The inclusion of Dogecoin and XRP is particularly noteworthy. Dogecoin, initially created as a meme, has garnered a cult-like following and is often championed by high-profile backers like Elon Musk. XRP, on the other hand, has been mired in legal challenges with the SEC, making its re-listing a bold statement by eToro. These tokens, alongside others, will undoubtedly attract both retail and institutional investors eager to diversify their portfolios. This follows a pattern of institutional adoption, which we detailed in Dogecoin, XRP ETF Hopes Are Fuelling Bullish Sentiment, Social Data Shows.
Riding the IPO Wave
eToro’s decision to reintroduce these tokens is also seen as a strategic maneuver ahead of its anticipated IPO later in 2025. The company is keen to present itself as a formidable player in the competitive online trading space by showcasing a broad spectrum of assets. “An IPO requires not just robust financials but also a compelling narrative,” notes John Rivera, a fintech analyst. “By reintroducing popular cryptocurrencies, eToro is telling the market it’s ready to take on the big leagues.”

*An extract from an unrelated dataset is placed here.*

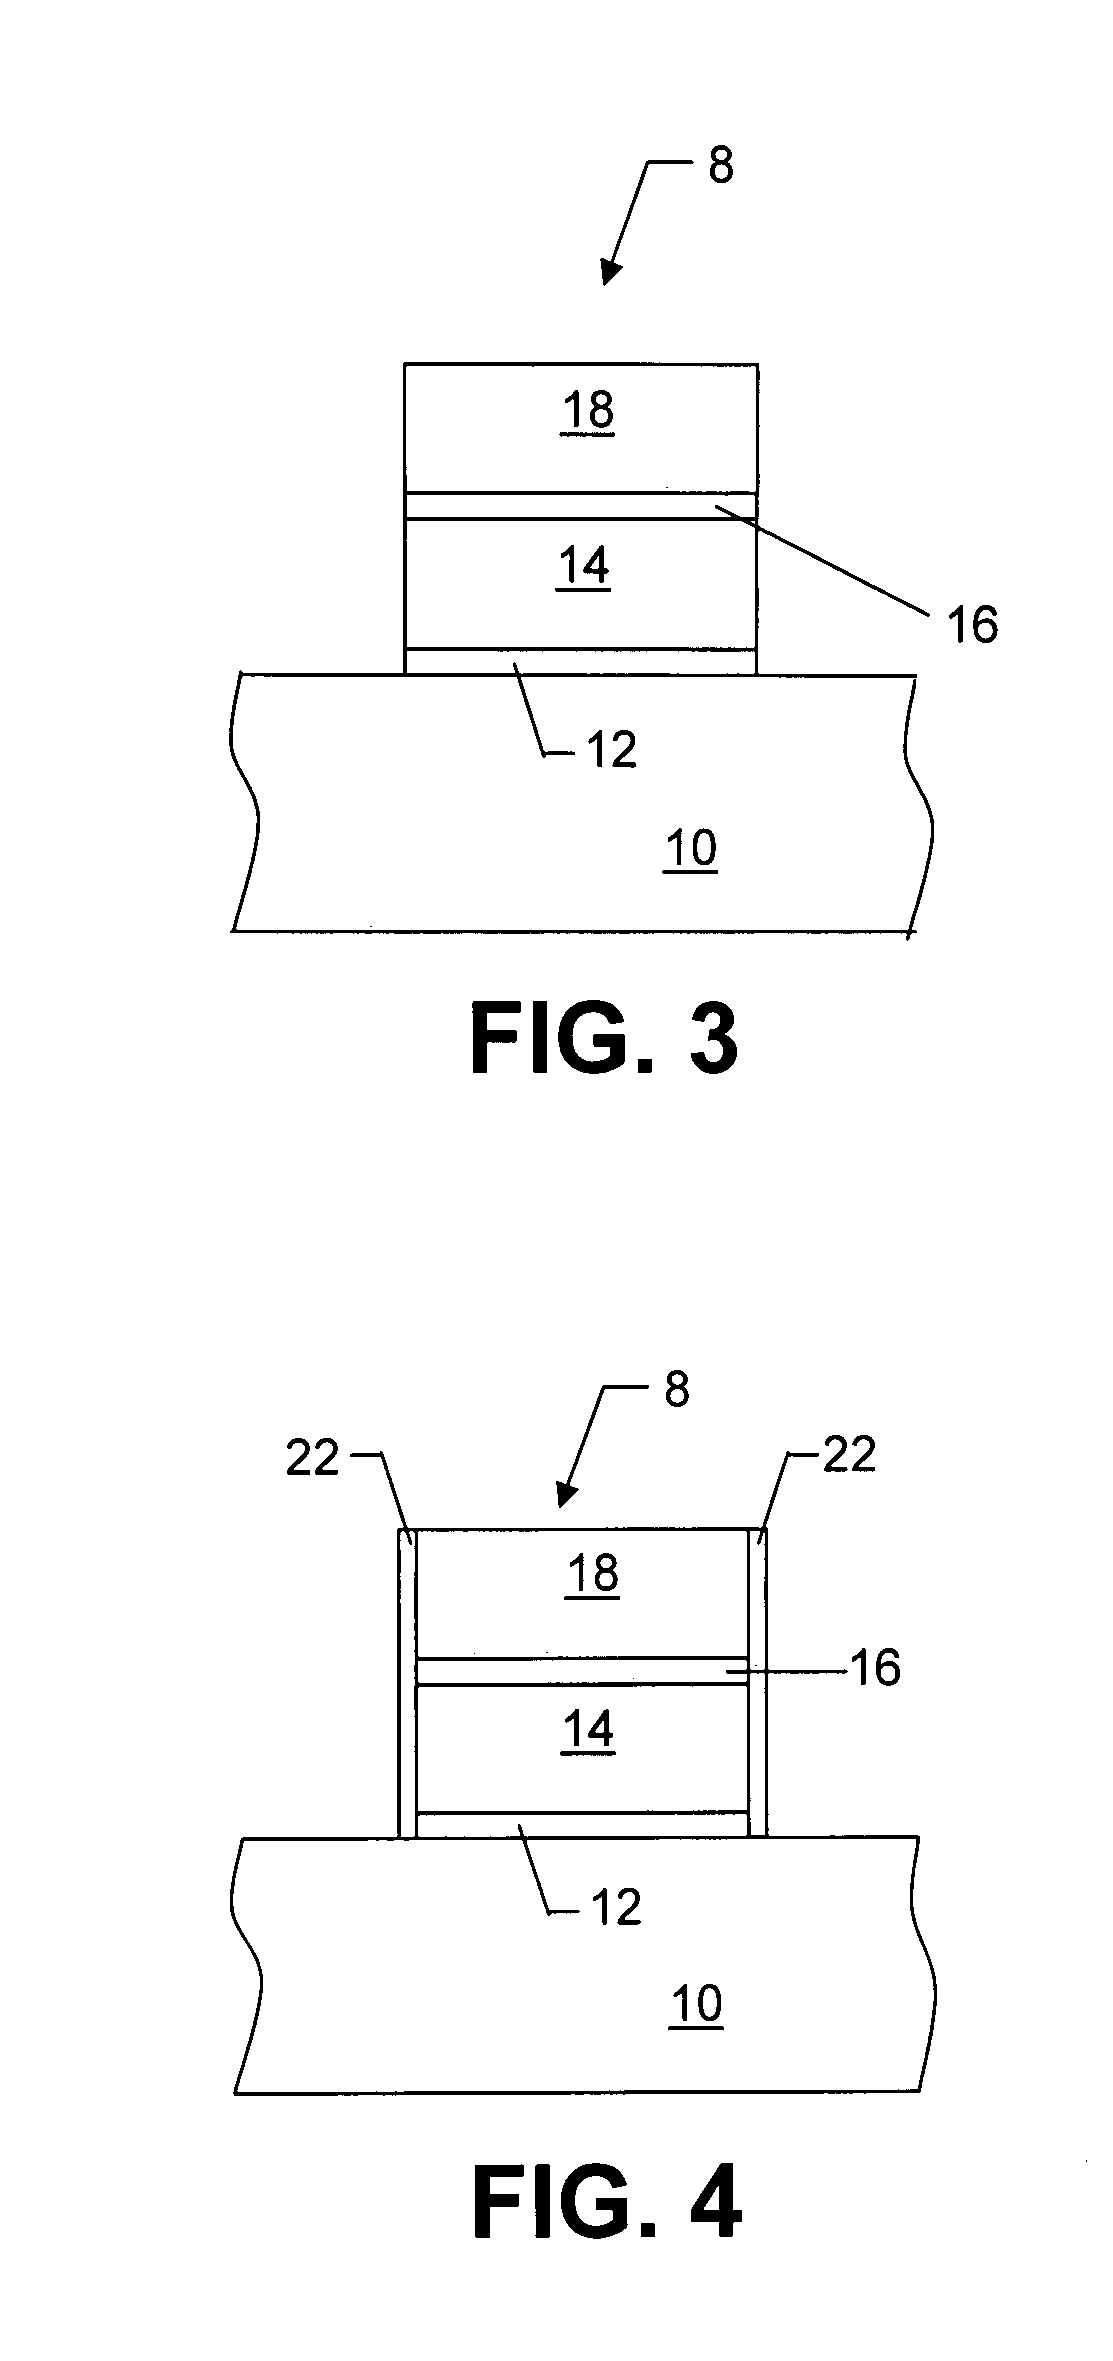 Non-volatile memory device having a nitride barrier to reduce the fast erase effect

The IPO timing aligns with a period of increased investor enthusiasm for fintech companies, particularly those with a strong foothold in the crypto market. As regulatory clarity improves in the U.S., platforms like eToro are positioning themselves to capture a larger market share. However, the path isn’t without its hurdles. The SEC’s stance on cryptocurrencies remains a topic of intense debate, raising questions about the long-term viability of certain digital assets on U.S. platforms. For a deeper dive into the regulatory implications, see Nasdaq Seeks SEC Approval to List 21Shares Dogecoin ETF.
Historical Context and Market Trends
This recent move by eToro isn’t happening in isolation. Over the past few years, the crypto industry has experienced seismic shifts, with regulatory bodies across the globe grappling with how to govern this burgeoning sector. In the U.S., the transition from the Trump administration to the Biden administration has ushered in what many describe as a more nuanced approach to crypto regulation. This regulatory environment is crucial for companies like eToro that are eager to expand their offerings while staying within legal boundaries.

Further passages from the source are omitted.